А люди, живущие в деревне, на этой границе с бездной, к старости начинают мыслить странным образом. Сашина Бабушка, похоронившая трёх своих сыновей, говорит: «Сяду у окна и сижу, сижу. Думаю, кто бы мне сказал: иди тысячу ден, босиком, в любую зиму, чтобы сыночков увидеть своих, и я бы пошла. Ништо не говорить, не трогать, просто увидеть, как дышат». Вспоминается любимый мотив Андрея Платонова – странствие. Только у Платонова странники идут, сами не зная куда и для чего, а здесь конкретная цель пути: увидеть живыми умерших детей, идти ради того, чтобы мёртвые воскресли.

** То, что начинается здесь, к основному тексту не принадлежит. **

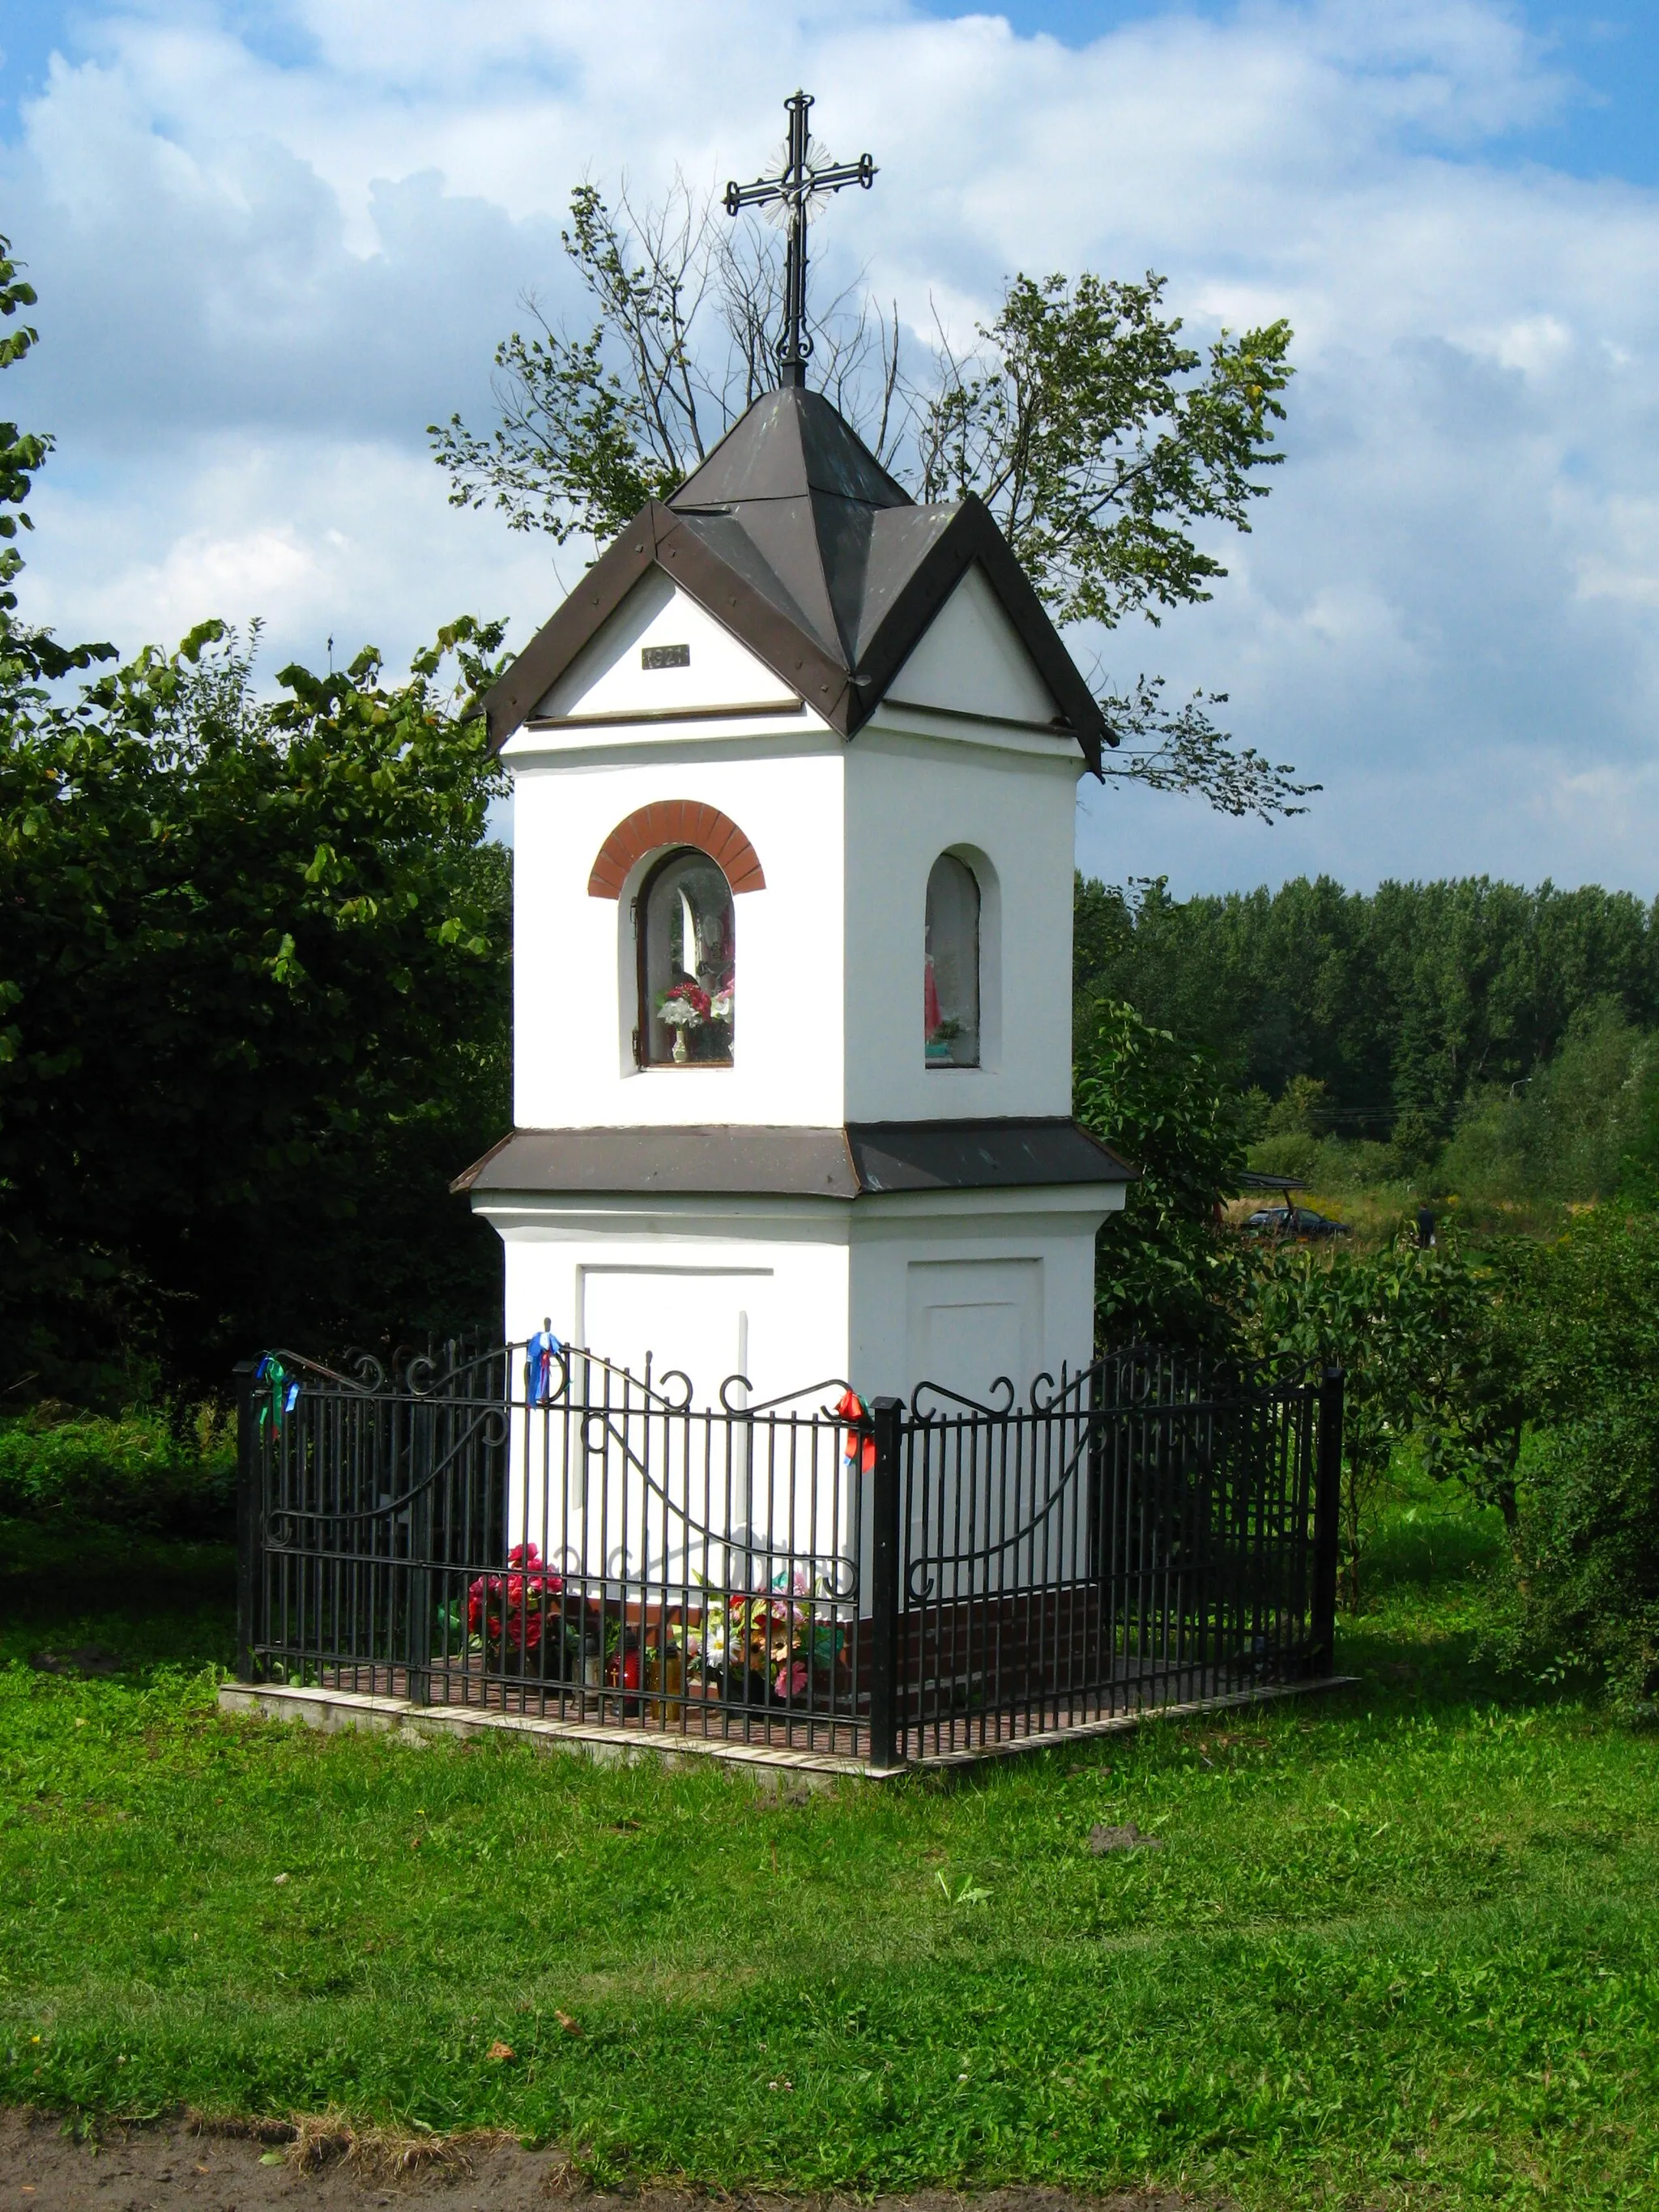 Photo showing: Shrine from year 1921 by the Mostowa st. at Łapy

Под конец романа, когда ФСБ начинает всерьёз душить и давить «Союз созидающих», Тишин вместе с несколькими друзьями-партийцами опять едет в деревню, но не доезжает до неё из-за бездорожья; они останавливаются в другой деревне, что поближе, устраиваются на ночлег в одном доме, а там… в американских фильмах герои в таких случаях сталкиваются с дремучими маньяками, подстерегающими путников, – но здесь они сталкиваются с дедом, религиозным философом и чуть ли не пророком. И этот дед говорит им:

«Бог-то уже совсем к нам свесился, в лицо заглядыват, а мы все никак его не разглядим. Бывалочь, когда в деревне согрешит кто, Бог долго думал, годы и годы, наказать аль нет. А то и на деток грешника откладывал наказание. До самой смерти грешника ждал, что тот исправится. Вот как было: пока вера была в человечьей породе. Теперь сразу себя выказыват Господь: как бывалочь отец ложкой бил сопливым пострелам за столом, когда наперед старшего лезли в чугунок за картошкой, так и он. Господь нетерпеливый стал: знать, устал от нас. Раз знак подаст, поставит вешку, два, на третий раз оглоблей по хребту, напополам ломает… Приметили это, милки? – старичок обвел собравшихся взглядом. – Не было у вас вешок по пути? <…> Говорю вам: скоро побежите все, как поймете, что от вас устали. Но бежать будет некуда: все умерли, кто мог приютить. В сердцах ваших все умерли, и приюта не будет никому… <…> Мы-то в юность нашу думали, что дети у нас будут, как сказано было, – не познавшие наших грехов, а дети получились такие, что ни земли не знают, ни неба. Один голод у них. Только дурной это голод, от ума. Насытить его нельзя, потому что насытятся только алчущие правды… Вы там в церкву, говорят, все ходите. Думаете, что, натоптав следов до храма, покроете пустоту в сердце. Люди надеются, что Бога приручили, свечек ему наставив. Думают, обманули его. Думают, подмяли его под себя заставили его оправдывать слабость свою. Мерзость свою и леность, которую то милосердьем теперь назовут, то добротой. Чуть что – и на Бога лживо кивают: "Бог так решил. Бог так сказал. Бог так задумал". И снова гребут под себя, у кого на сколь когтей хватает. А откуда им, глупым, знать, что Он задумал, что по Его воле, а что от попустительства Его? … И печаль не о том, что ничтожен человек, а то, что он зол в своем ничтожестве. Чем больше замечает, что другие его ничтожество видят, тем злее становится… Нету выхода вам больше, так».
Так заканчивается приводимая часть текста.